*** Begin section ***
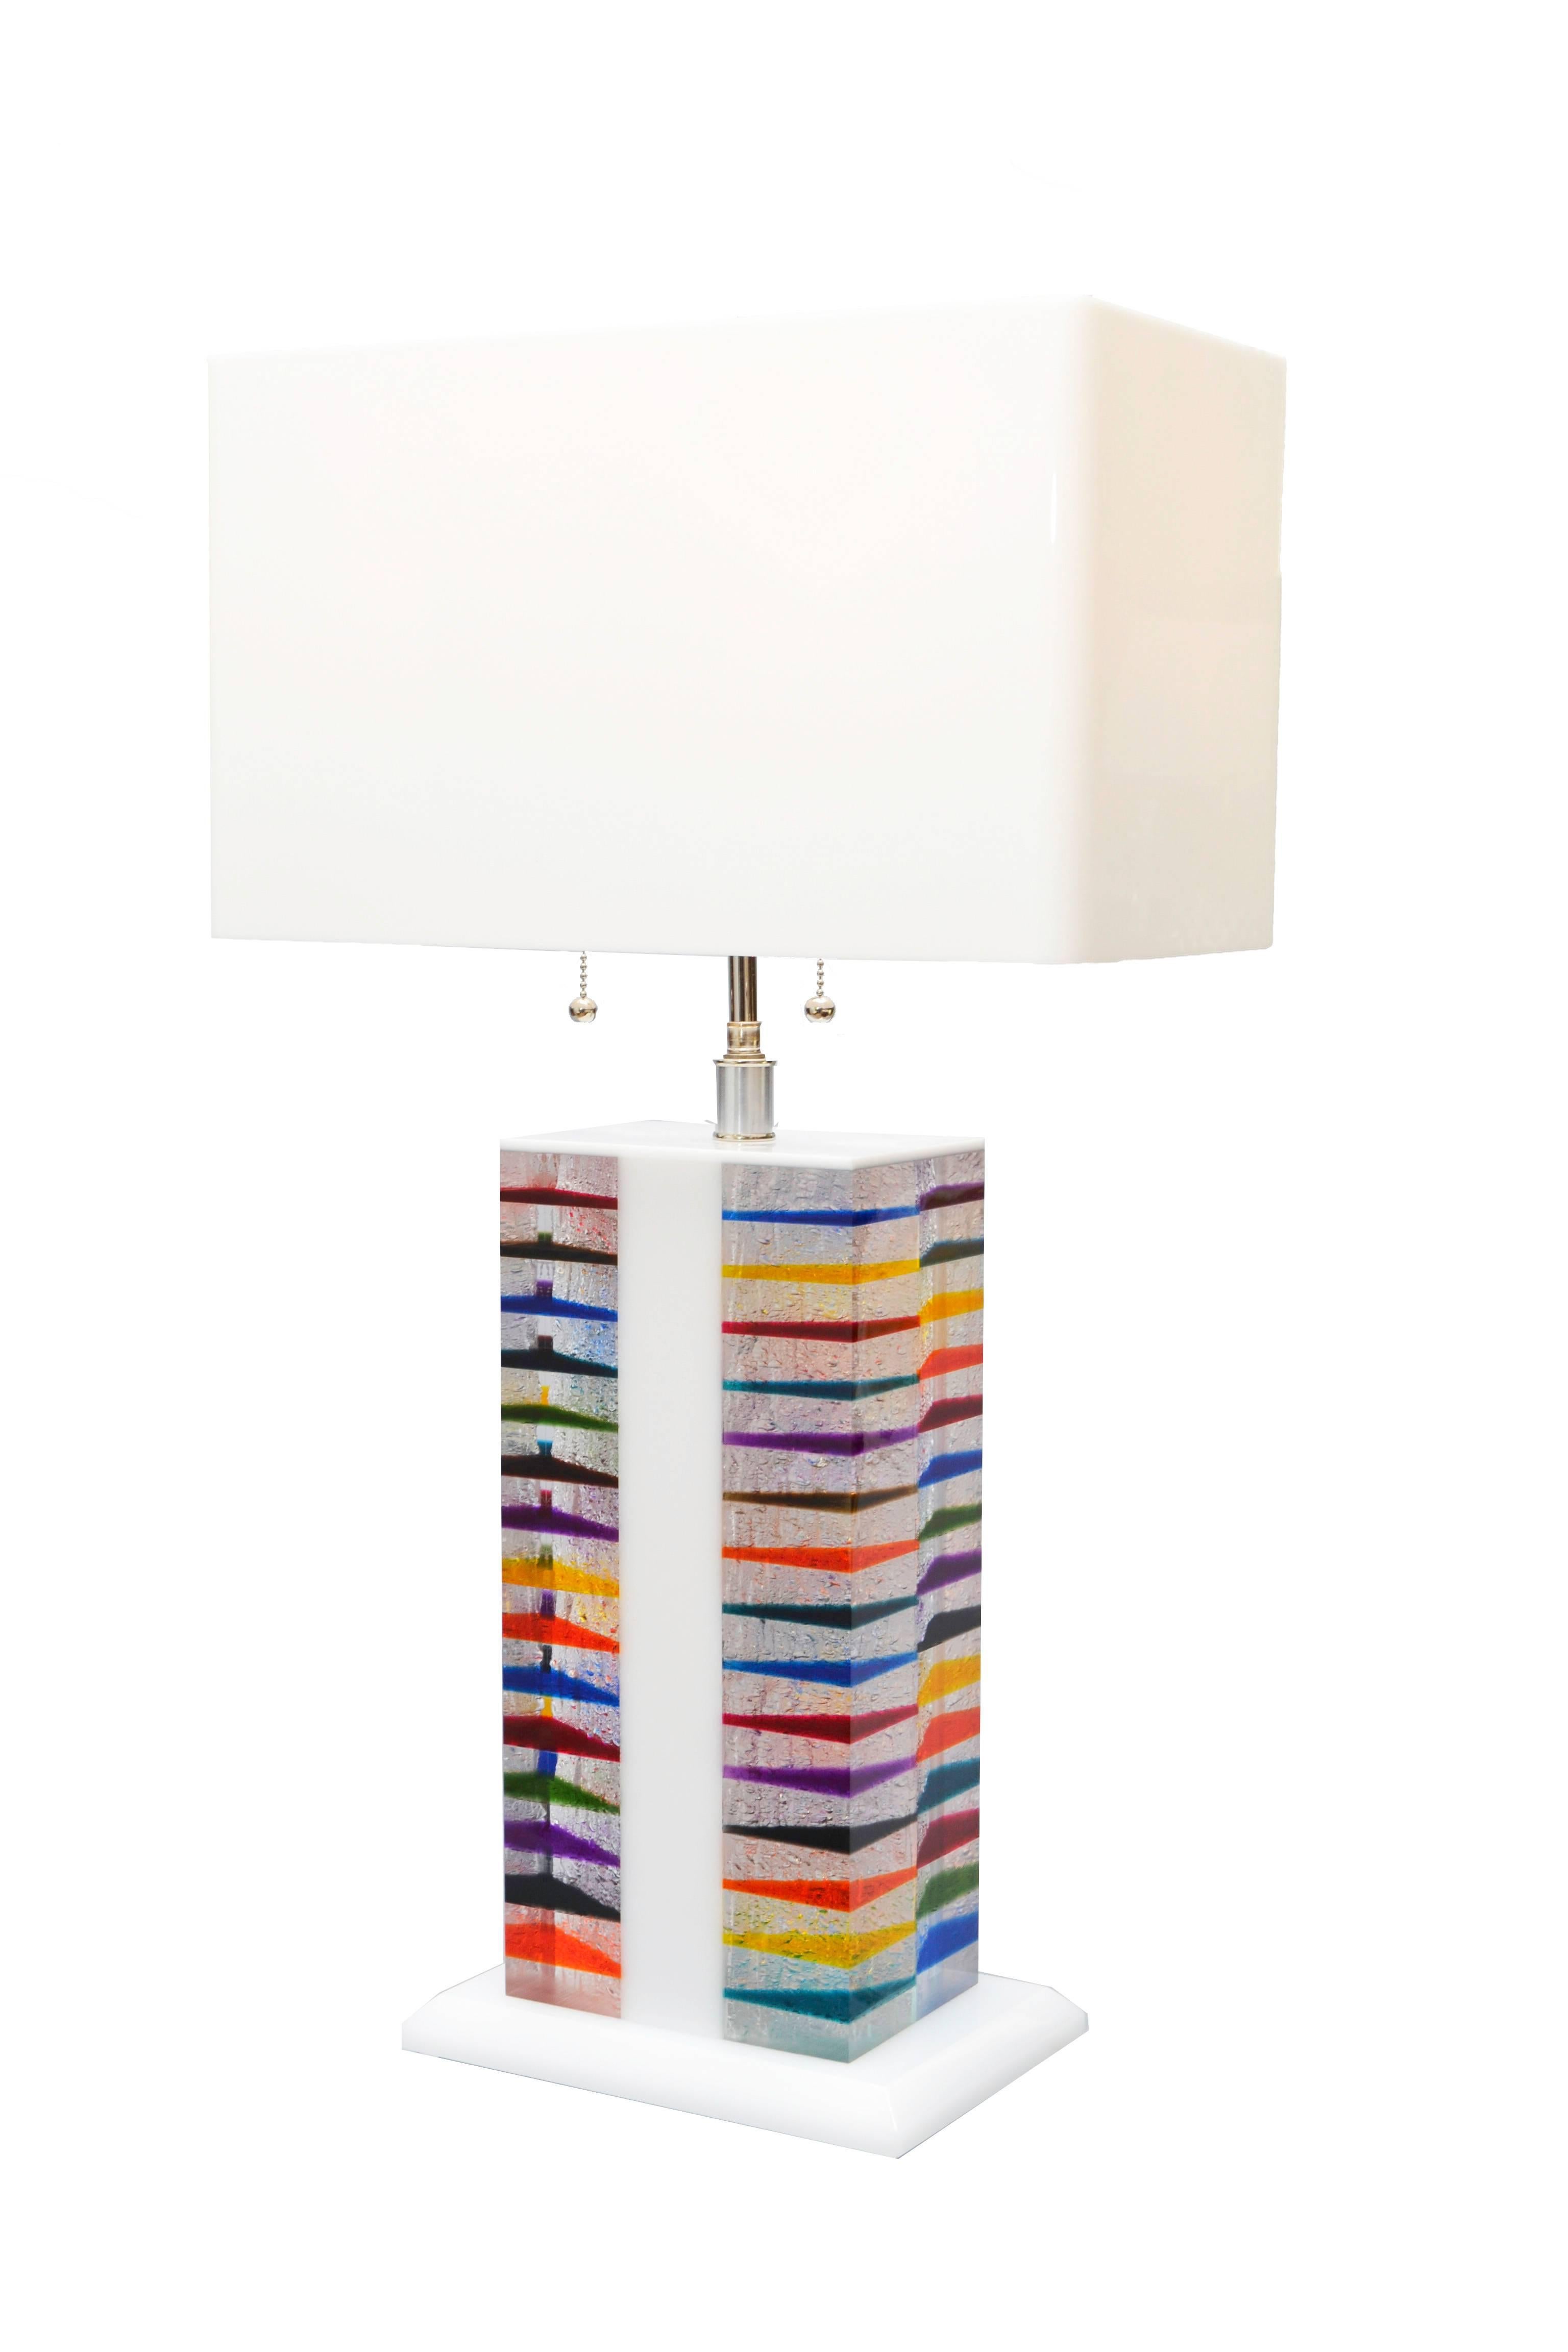 Pop Art Architectural shaped table lamp in bright Rainbow colors. Comes with a unique matching rectangular shade in white Acrylic.
The Nickel lamp holder can support two light bulbs of max 60 W each and is of the highest quality.
This lamp is our
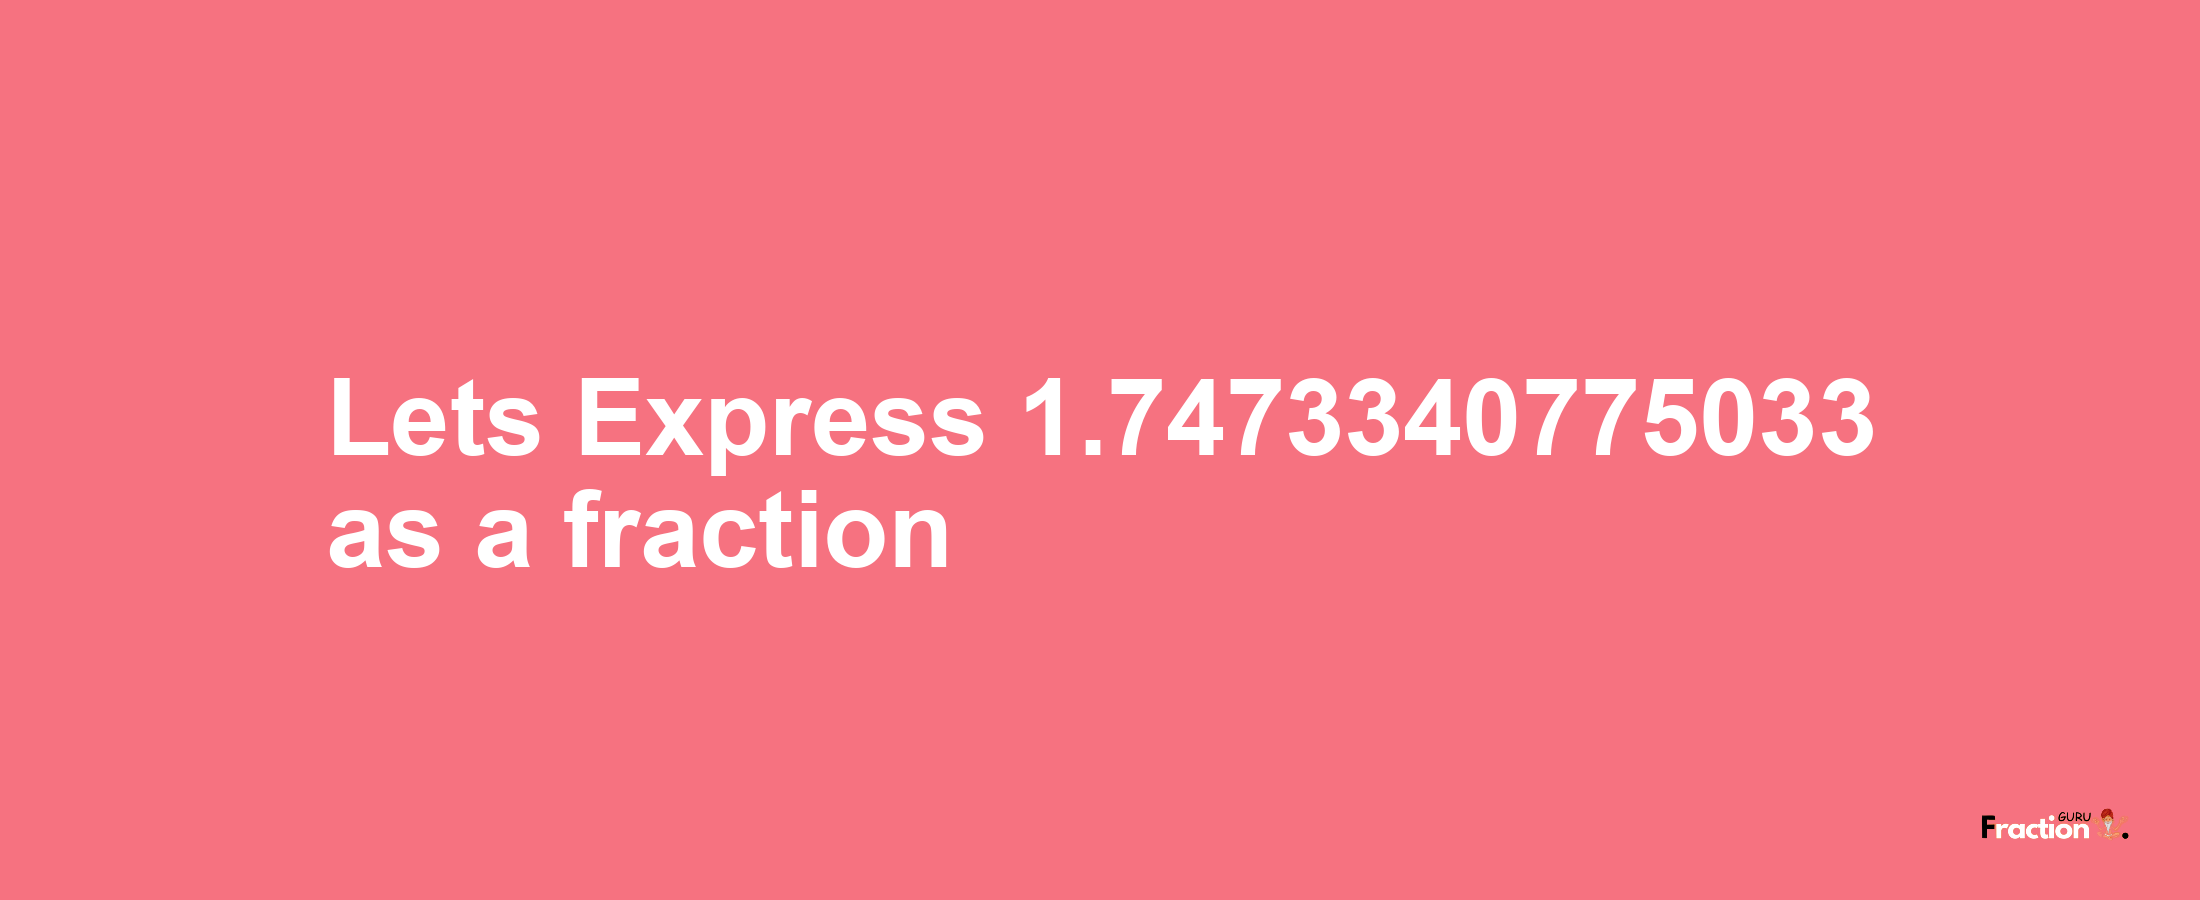 Lets Express 1.7473340775033 as afraction
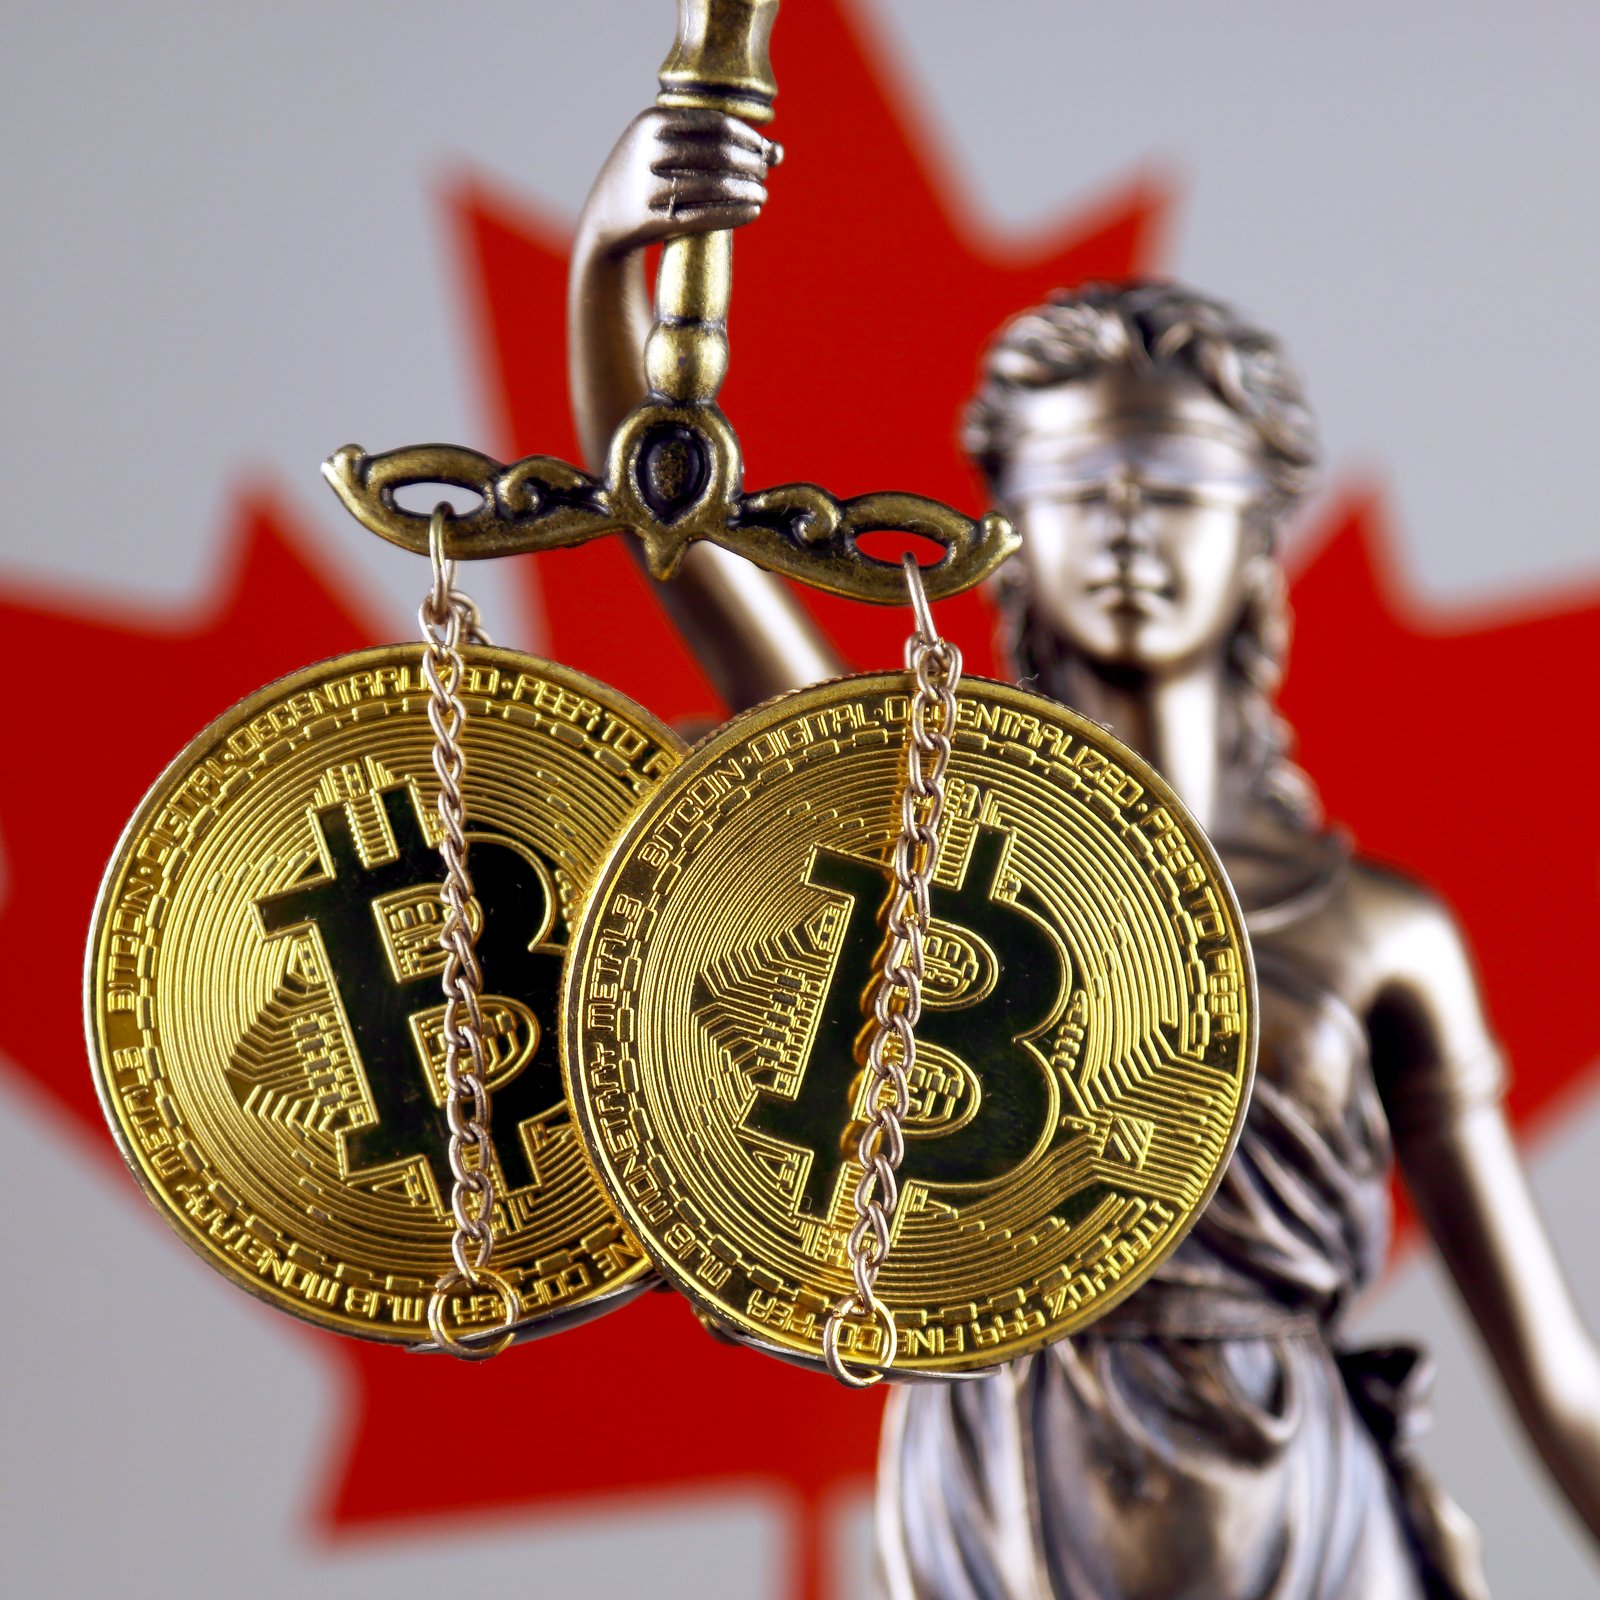 Canadian Exchanges to Report Transactions Over $10k per Proposed Regulations
*** End section ***
How to complete this task ▸
Lines starting at the one with "The Nickel lamp" and ending at the last line of the entries above must be restated word for word, with pictures omitted.

Output ▸
The Nickel lamp holder can support two light bulbs of max 60 W each and is of the highest quality.
This lamp is our
 Lets Express 1.7473340775033 as afraction
 Canadian Exchanges to Report Transactions Over $10k per Proposed Regulations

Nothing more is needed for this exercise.